When I first started working with ArcGIS, I didn’t give much thought to the “makers” of it. ESRI made software just like other companies, and having worked with Mapinfo years ago, I figured they weren’t lonely players in the field of GIS.

Later I started researching “Open Source GIS” and found what seemed like a parallel universe of Open Source GIS bundles and applications. There is a lot of development going on with GIS software that is totally free.  So why choose ArcGIS ?

Obviously, ESRI software has become something of a standard, and for most jobs it’s a minimum requirement. If you want to work in GIS, you need to know how to work with ESRI products. When I thought about returning to my Mapinfo “roots”, I noticed it had retreated to something of a niche market (please correct me if I’m wrong!).

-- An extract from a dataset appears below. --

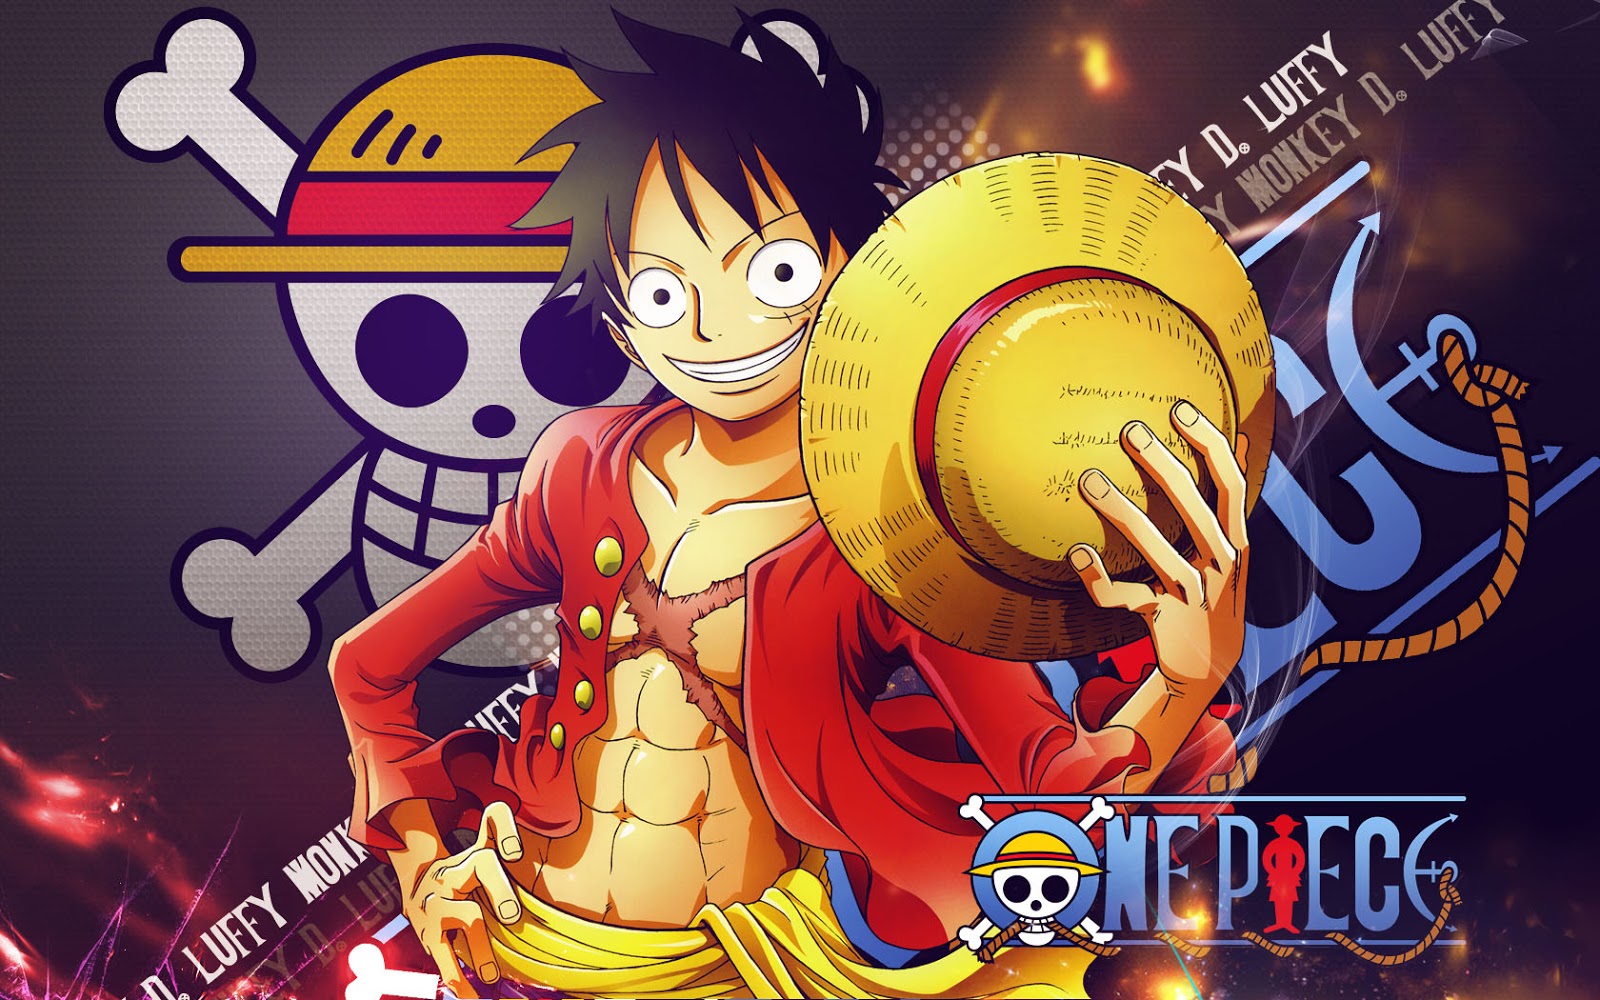 Cùng đắm mình trong thế giới mới đầy bí ẩn của One Piece với bức hình nền One Piece New World Wallpaper. Trải nghiệm những cuộc phiêu lưu mới cùng Luffy và đội quân Mũ Rơm, những đấu trường mới và kẻ thù mới đầy thử thách.

I’ve always liked the Open Source idea. It took me a long time to warm up to the idea of using Linux. But when I tried it, I quickly became convinced that the Era of Windows would end, and Google has certainly given a huge boost to the Open Source Universe.

There are a lot of things you do with ArcGIS that you can probably do just as well and easily with Open Source GIS. When it comes to other functionality, e.g. I have heard people mention Spatial Analyst, maybe you can’t. So when I decided to pay for an EDN license, it was because I figured I needed the ESRI specific skills to work in GIS.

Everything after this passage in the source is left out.